Hello All,
I have a Dask dataframe, which has 33 partitions.
I am trying to drop all the columns, except some from a list and save the result to a Parquet file.
Here is the code I am trying:
import dask.dataframe as dd
from dask.distributed import Client, LocalCluster
TARGETED_COLS = ['col1', 'col2', 'col3']
cluster = LocalCluster(
n_workers=4,
threads_per_worker=1,
timeout="60s"
)
client = Client(cluster)
file_path = "data/my_large_json_lines_file"
ddf = dd.read_json(file_path, lines=True, blocksize="128 MiB")
def process(df):
return df[TARGETED_COLS]
ddf2 = ddf.map_partitions(process).to_parquet("test.parquet")
and I get the following error:
ValueError: Metadata mismatch found in `from_delayed`.
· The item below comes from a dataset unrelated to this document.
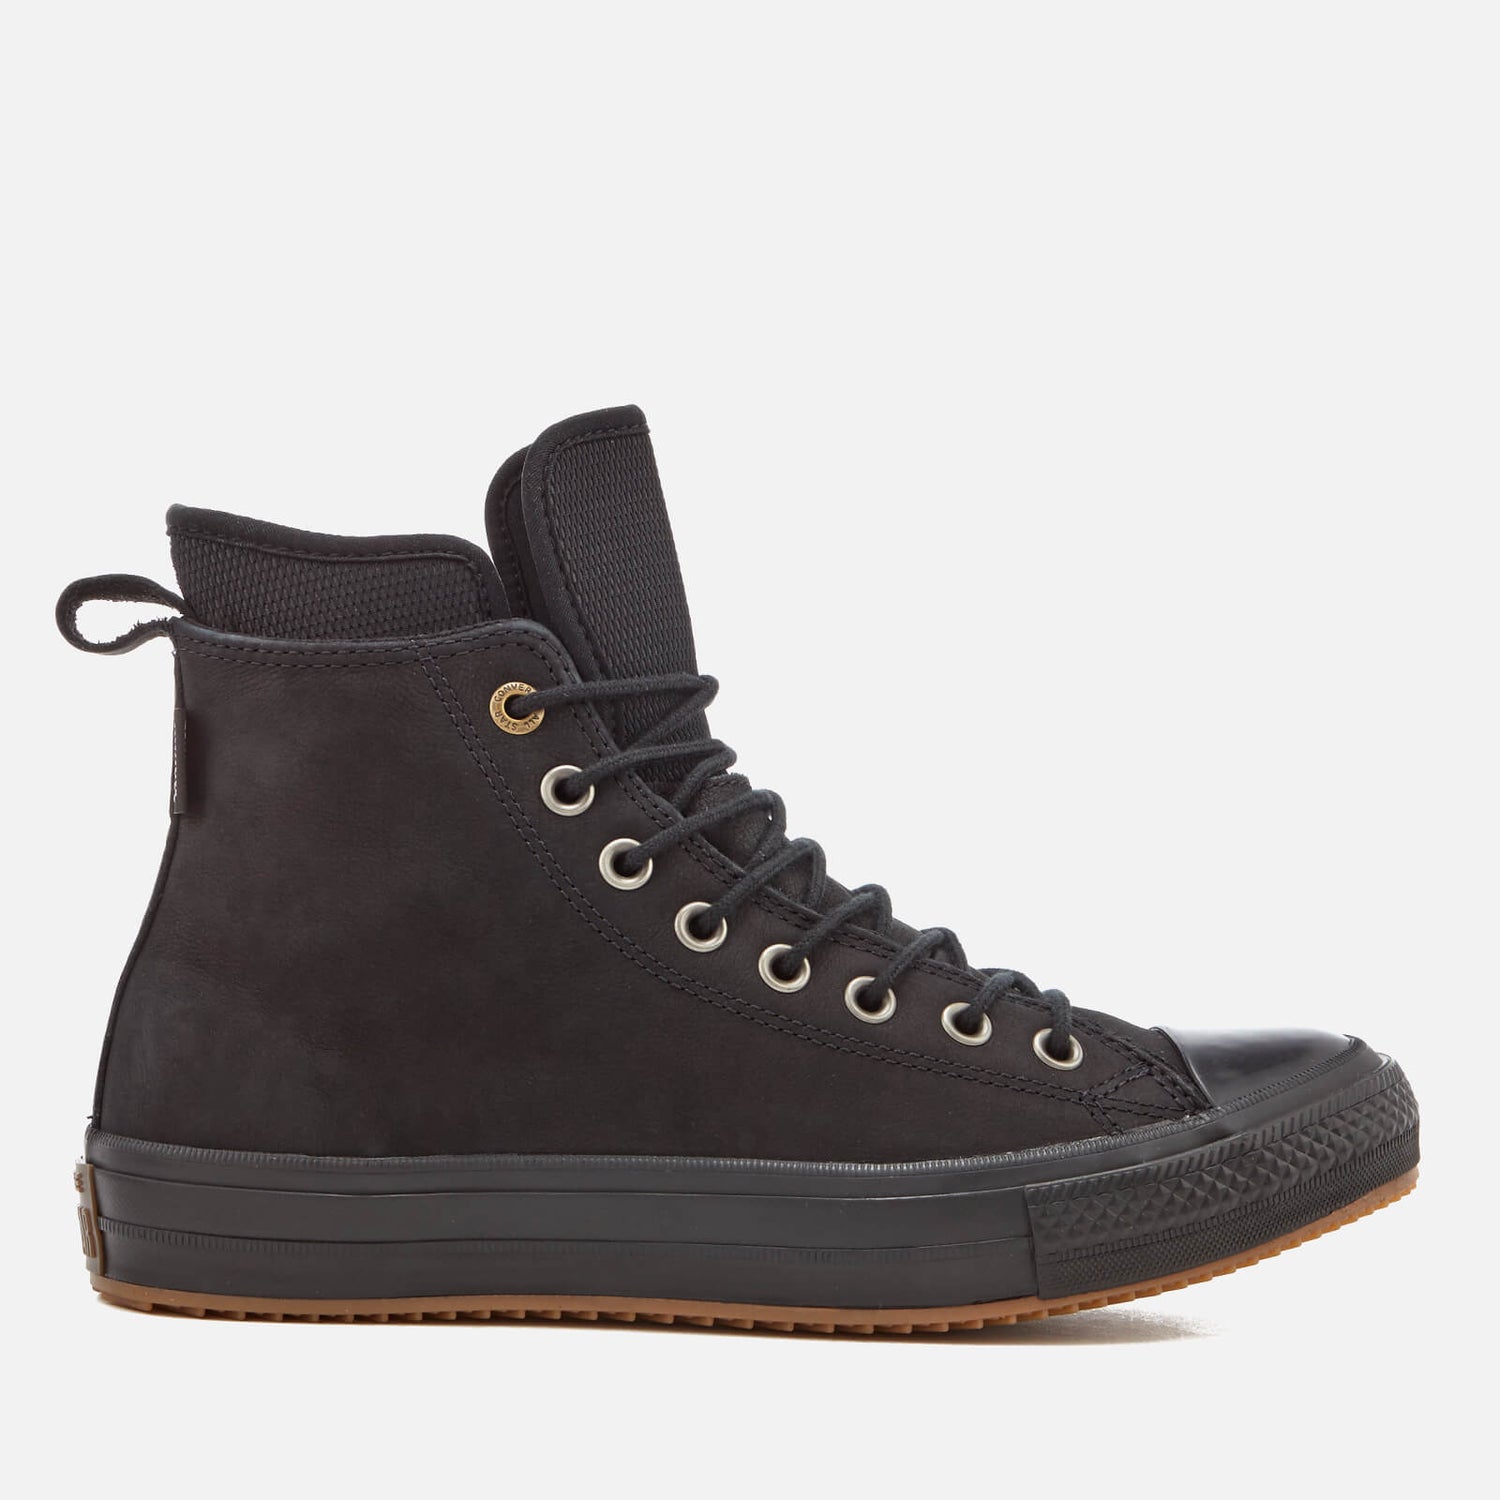 Converse Men's Chuck Taylor All Star Waterproof Boots - Black/Black/Gum ...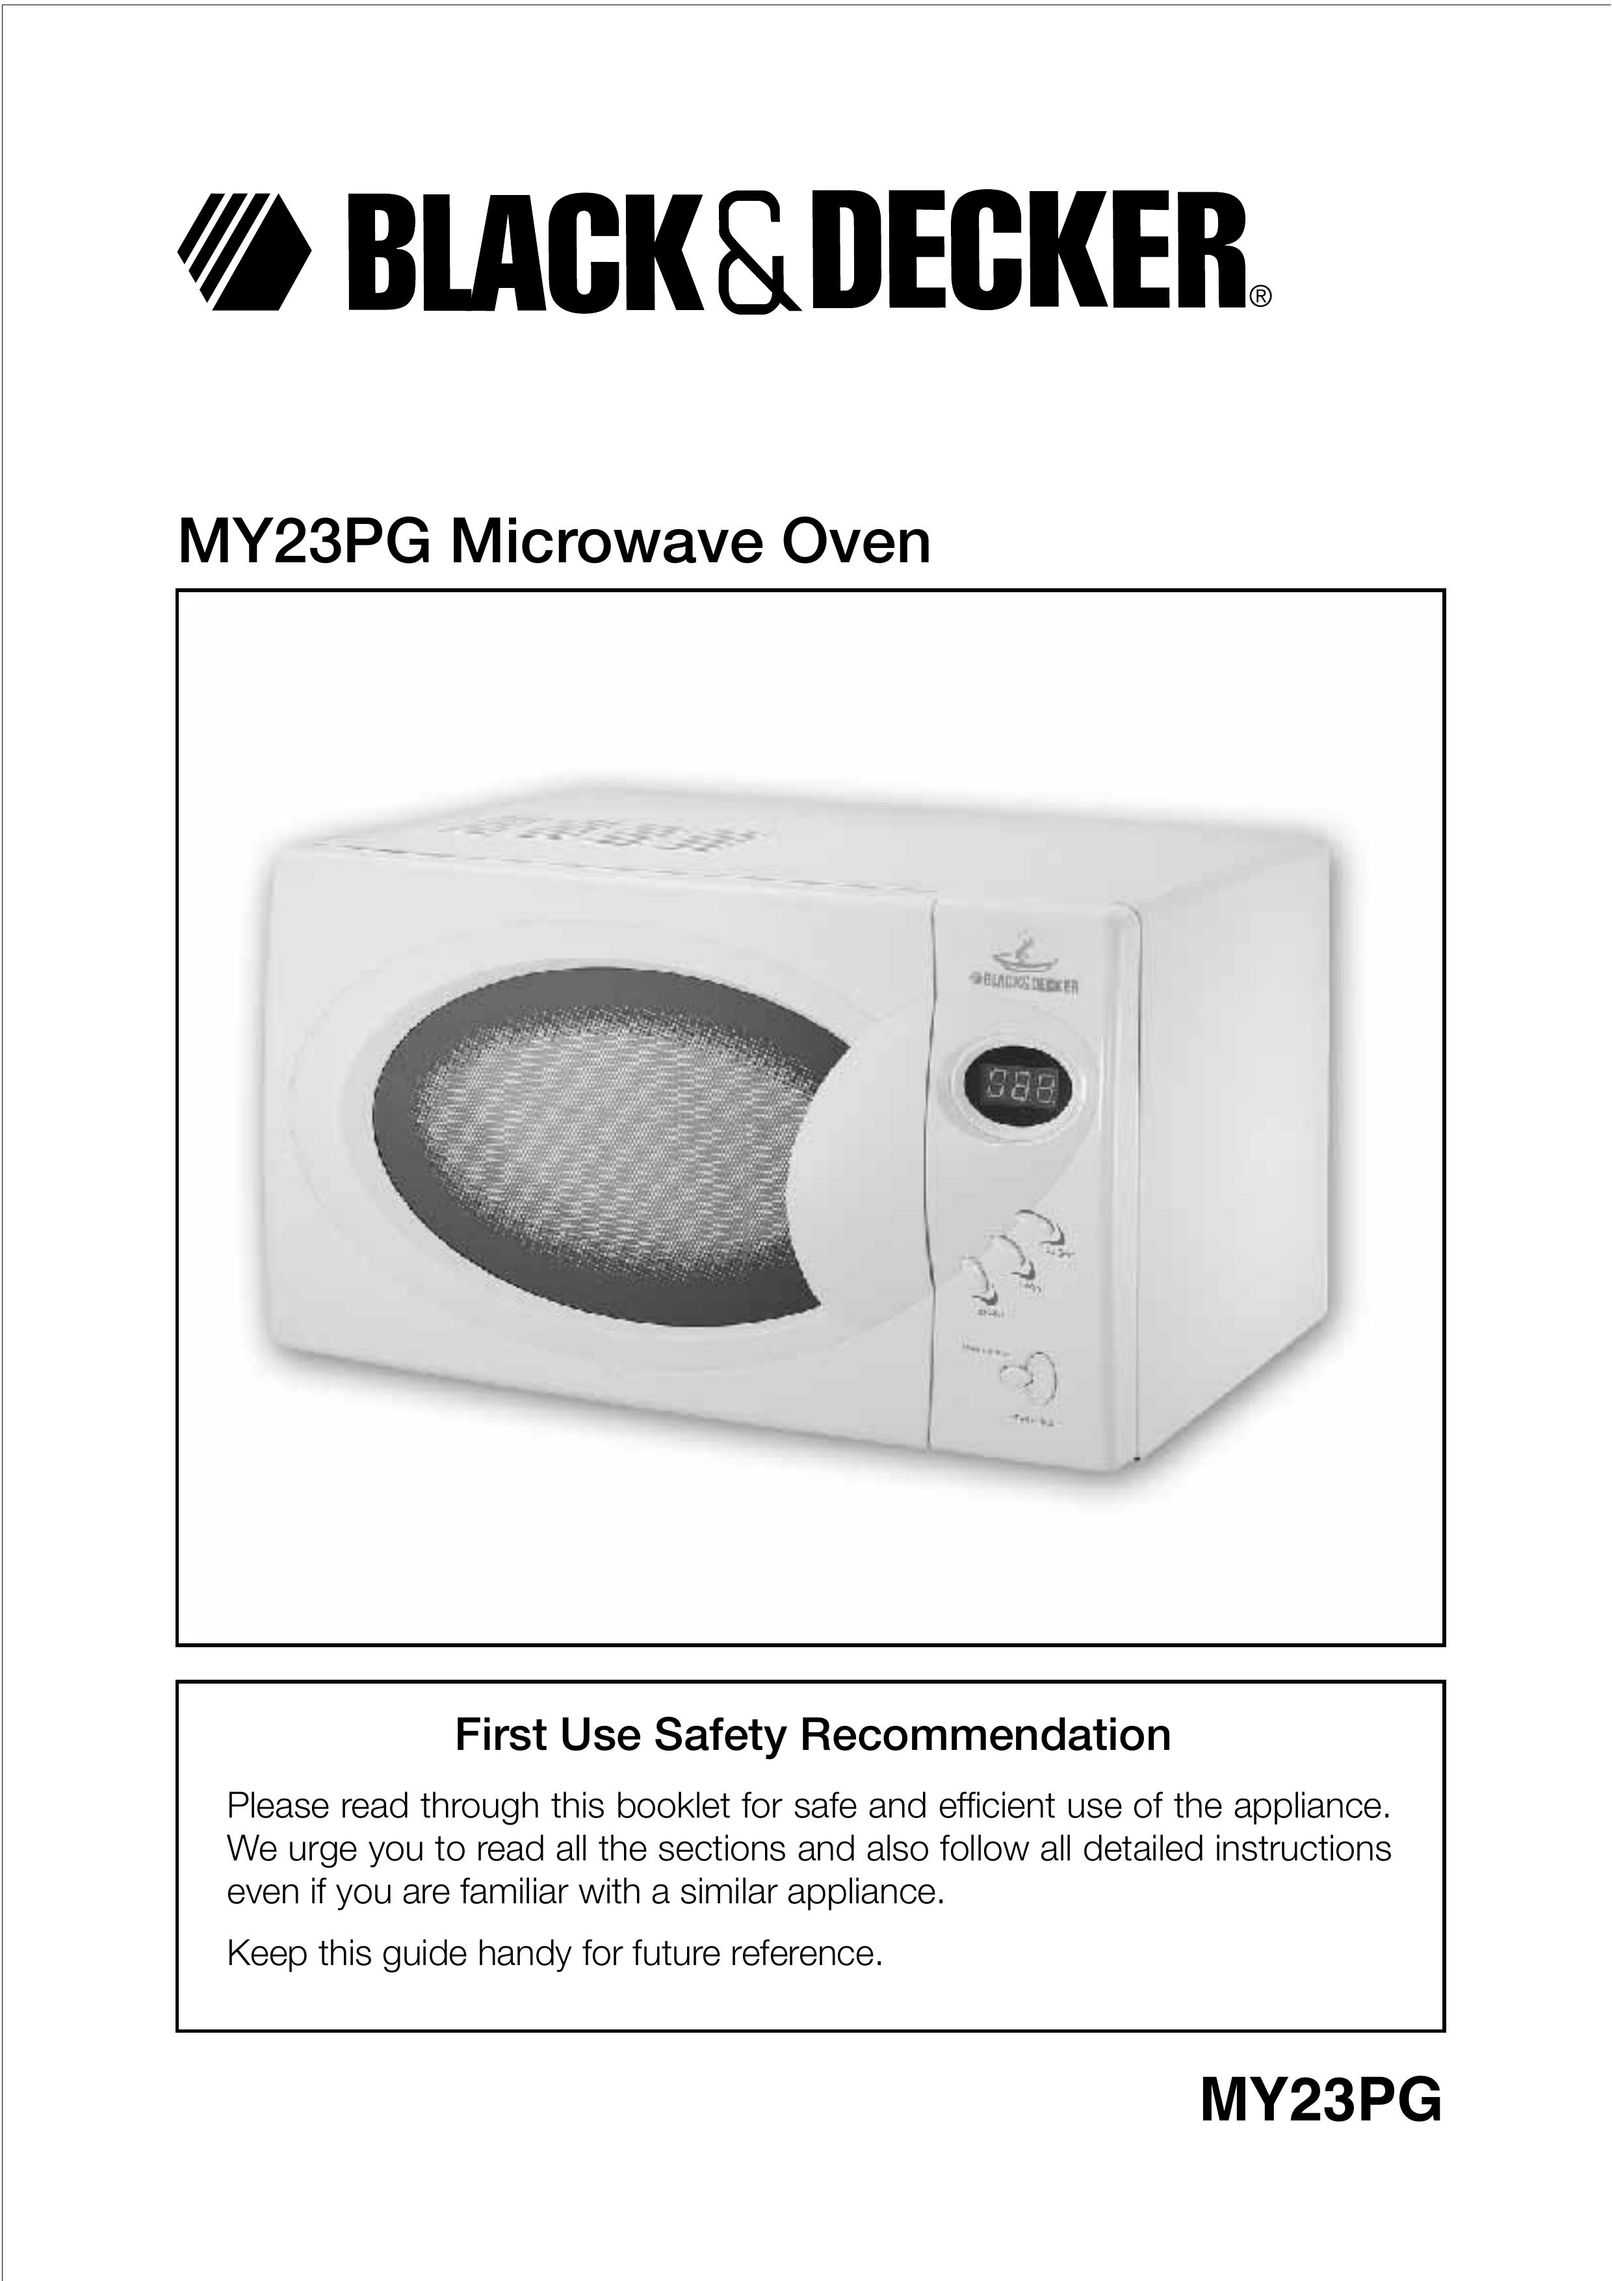 Black & Decker MY23PG Microwave Oven User Manual

Partition type: `pandas.core.frame.DataFrame`
+--------------------------+---------+----------+
| Column | Found | Expected |
+--------------------------+---------+----------+
| 'demo_col1' | float64 | - |
| 'demo_col2' | object | - |
| 'demo_col3' | object | - |
Can someone please advice what can I do to fix this?
Note: I do not know the initial columns in advance, only the targeted columns are known.
Thank you!